Quiero quedarme los dos besos de cada noche (uno en la boca, y otro en la frente), la botella de mezcal (esa que hizo que dijeras "Te amo"), tu olor a libro guardado, la risa nerviosa, una noche en "El Parque del Violín" (con la fuente incluida), el beso con sabor a cerveza/culpa, tu nariz perfilada hacia el desquicio, tus manos (porque ahora, con ella, de seguro que usas otras... otras que no destruyen, tal vez), el 26 de diciembre (aunque embriague y apendeje), la psicopatía compartida, la mordida que te regalé, el miembro con el que no me penetraste, el hijo que no tuvimos, la casa en que no vivimos y todas las palabras que no nos dijimos.
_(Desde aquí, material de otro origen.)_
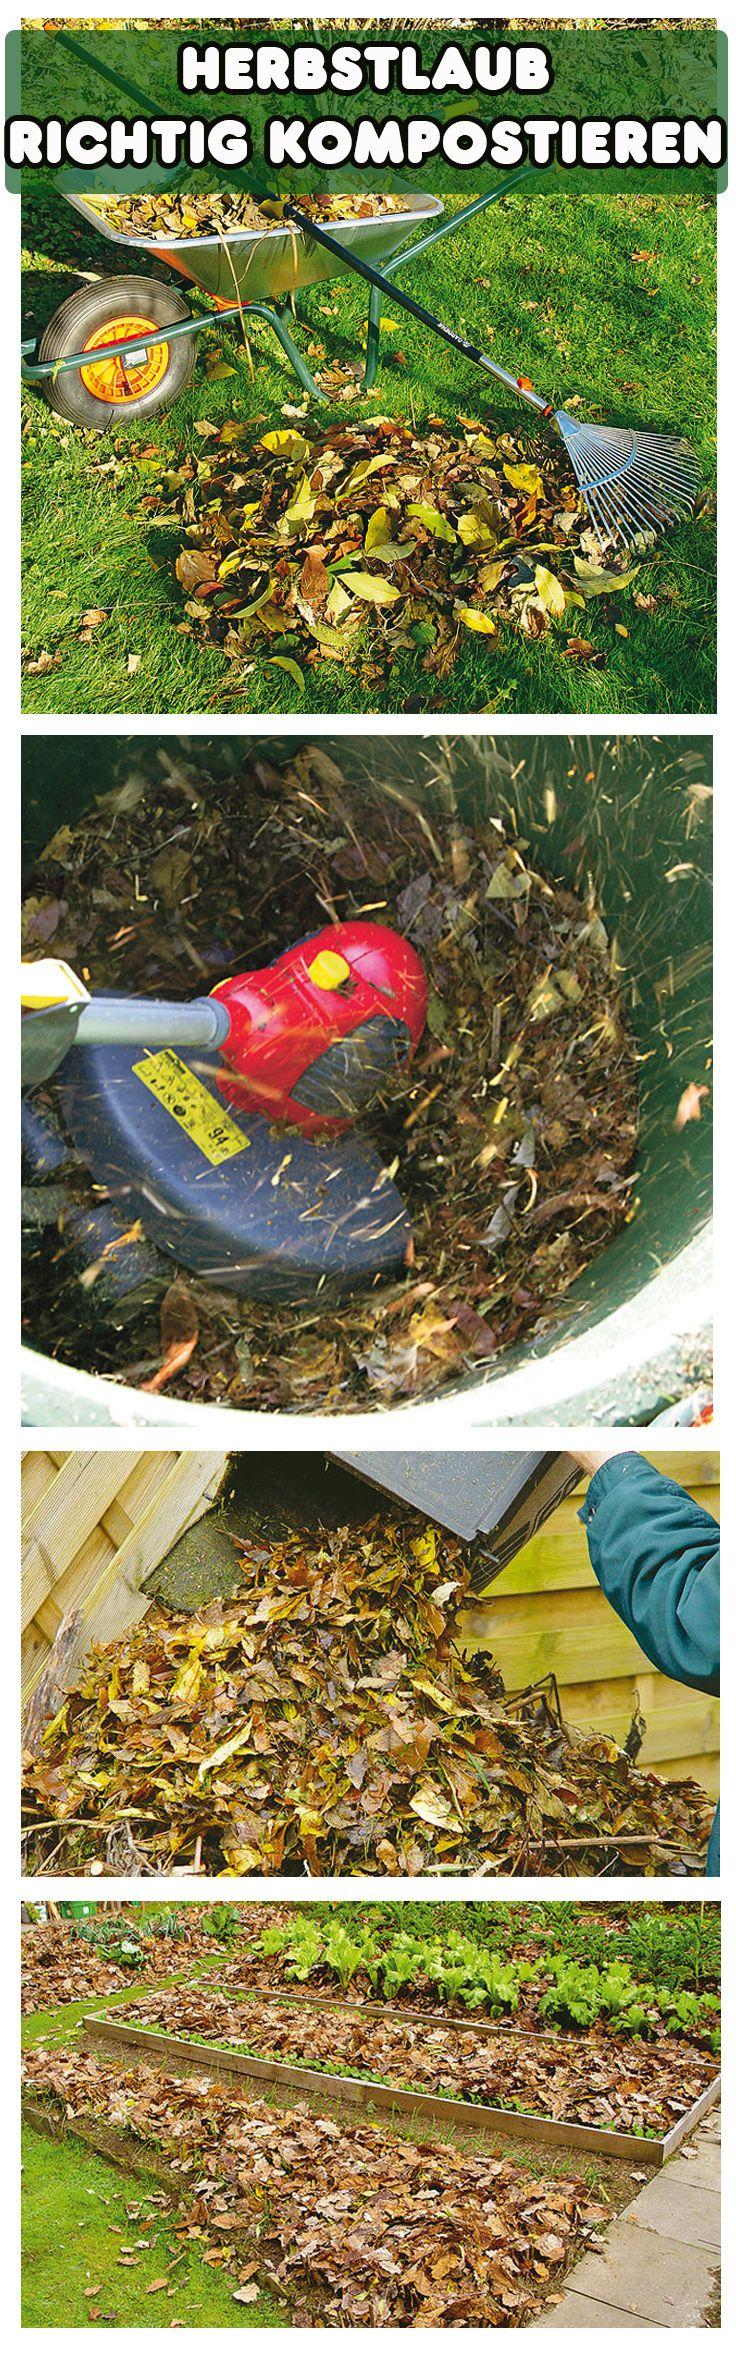 Laub ist nicht einfach zu kompostieren. Es verrottet nur schwer, weshalb es vor dem Kompostieren zerkleinert werden sollte. Mulchen oder die Flächenkompostierung im Garten ist die bequemste Art, Laub loszuwerden.
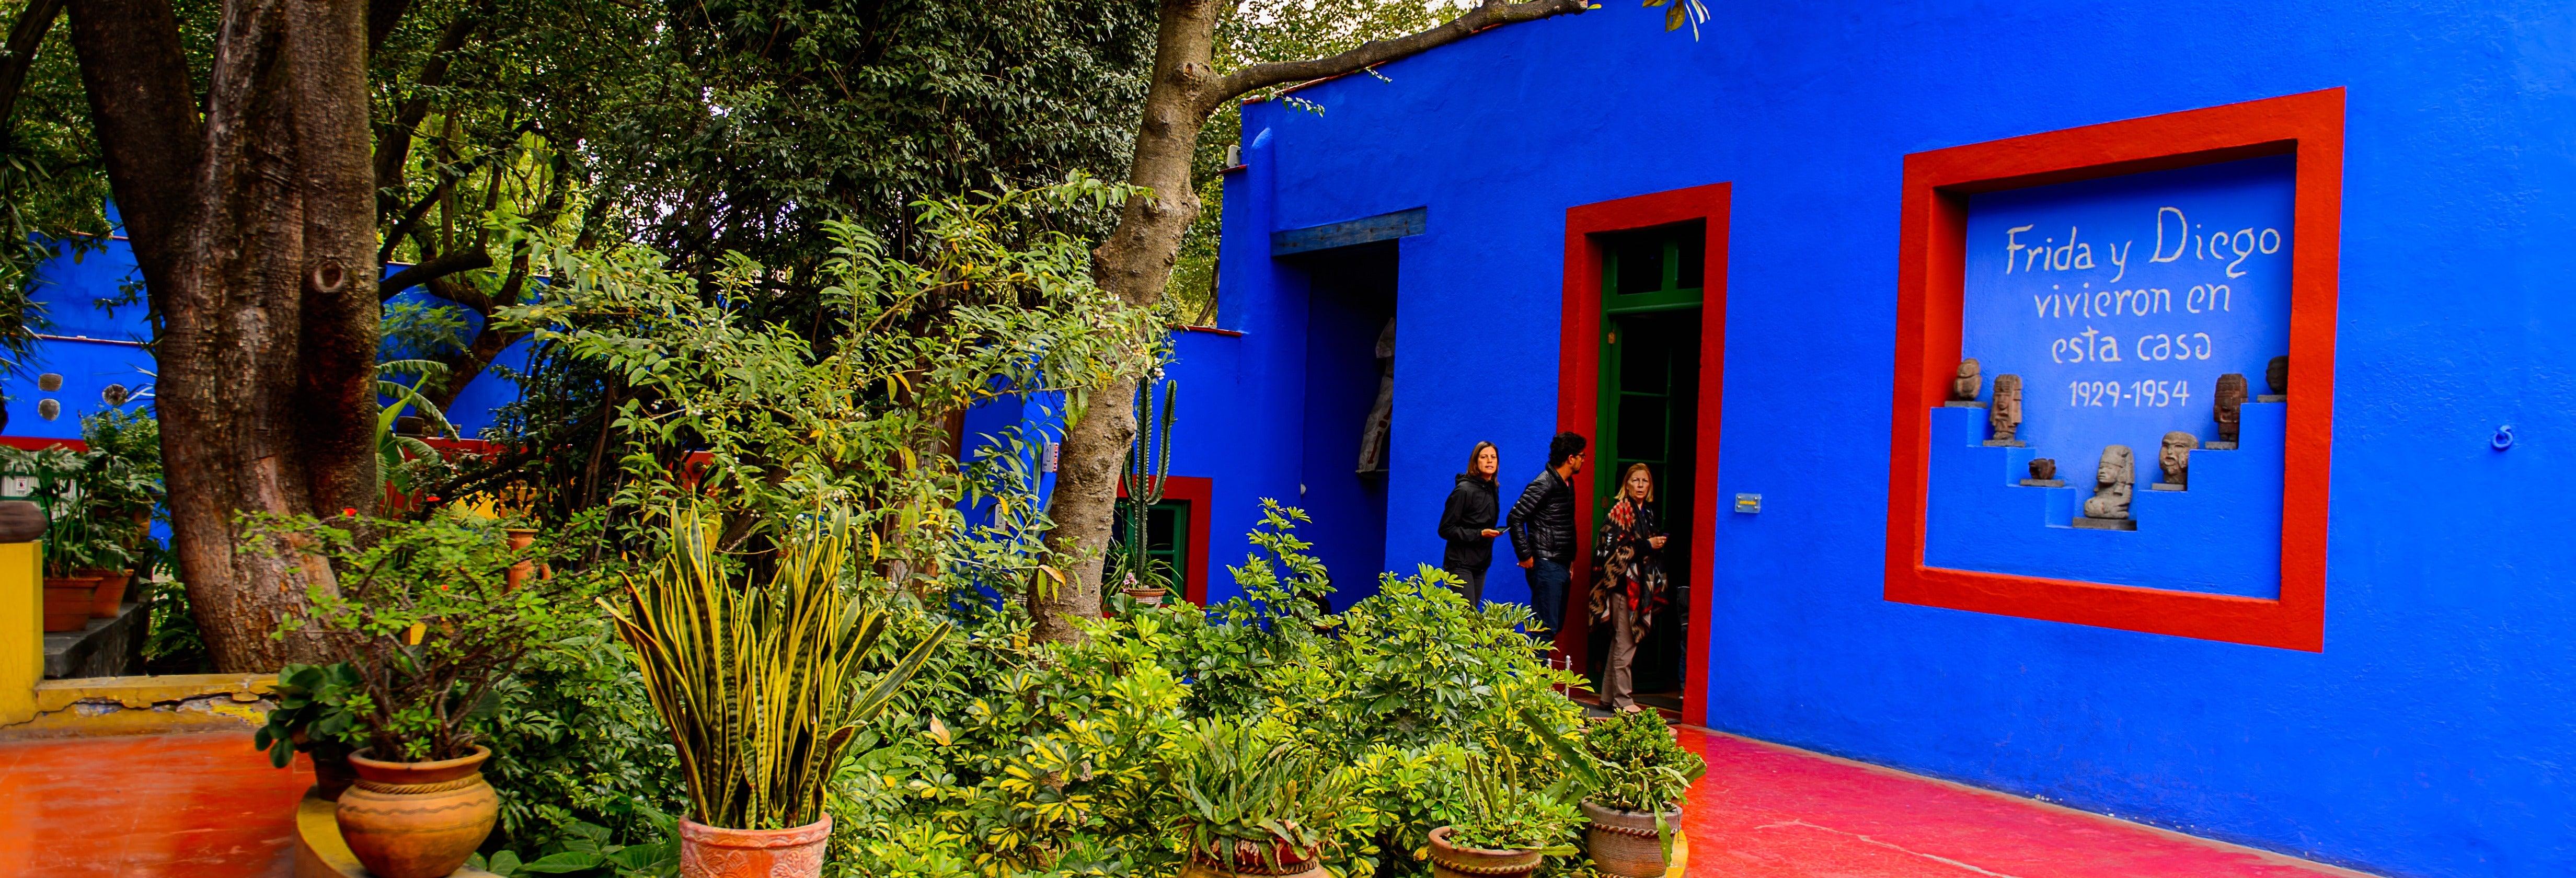 Free tour de Frida Kahlo por Coyoacán

Así, te dejo a ti, la farsa de tu concubinato, la neurosis de tu mujer, el dinero que en tí dejé botado (puto barato), el llanto de junio, el anexo en que la conociste, la cocaina que comparten, la piel que se les irá arrugando junto con el amor que dicen profesarse, la traición, un "te amo" insipido y acostumbrado, la soledad (esa que sientes cuando vez que tu mujer no es la mitad de lo que tu creias que era), los reclamos estúpidos, tu intento de dominarme, tus insultos, la hora en que me abandonaste, las cicatrices de mis piernas, la intolerancia de tus amigos, el dolor de cada letra que te dedico, las horas de dolor que te he envuelto con mis lágrimas y la resignación de lo perdido.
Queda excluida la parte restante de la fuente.